The loan line has a positive effect. One possible explanation is that customers with better credit status are more likely to obtain a higher loan line. Customers with housing loans are more likely to default. The increasing annual household income leads to better credit status. Employed customers are less likely to default. Compared with other employment groups such as self-employed, freelance, and unemployed, the employed group has a more stable income and is less likely to default. Customers who work in a government organization and institution have better credit status. Customers who are managers or commercial and service workers are less likely to default. Customers with early payment records tend to maintain good credit records and are less likely to default. Compared with women, men are more likely to default. This is consistent with the results of [35] and the personality characteristics of men's risk preference [36].
5.
Conclusions
The cure rate model is commonly used when the data has long-term survivors. The model is composed of two parts. The incident part describes the probability of cure and the latency part describes the survival function of the uncured group. The drawback of the standard cure rate model is that it assumes that there are no direct constraints between the coefficients corresponding to the same covariates in the two parts of the model. This may lead to conflicting results of covariate effects on the probability of cure and conditional survival of the uncured group. In fact, the two parts of the model describe quite related aspects. It is desirable that there may be some connections between coefficients corresponding to the same covariates. Existing works have considered joint distribution or structural effect of the two sets of covariates, which is too strict.

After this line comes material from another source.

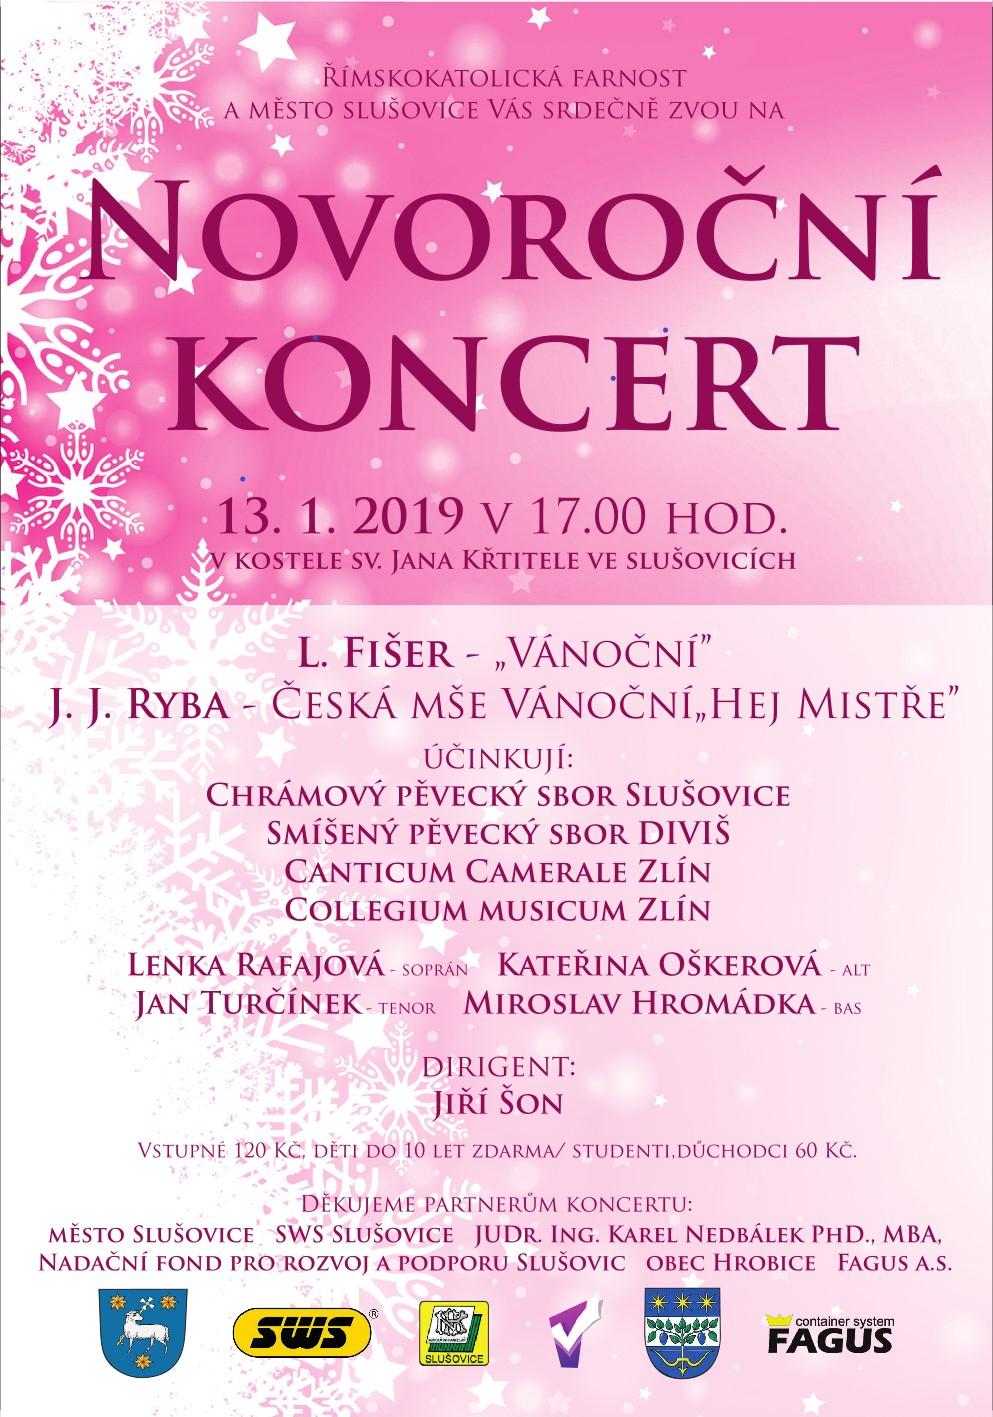 Koncert 13 1 2019 jpg

In this paper, we consider a more flexible cure rate model that allows the two sets of covariates can be in different distributions and magnitudes. In the proposed method, a sign consistency cure rate model is proposed to promote the similarity in the sign of coefficients in the two model parts to improve interpretability. In addition, we also impose a group lasso penalty for variable selection. Simulation results show that compared with alternatives, the proposed method has better performance in terms of variable selection and estimation. An analysis of credit data in China illustrates that the proposed method can improve prediction performance as well as interpretability.
Acknowledgments
We are grateful to the reviewers and the editor for their helpful comments and suggestions. This work was supported by the National Office for Philosophy and Social Sciences of China under Grant 20 & ZD137.
Conflict of interest
The authors declare there is no conflict of interest.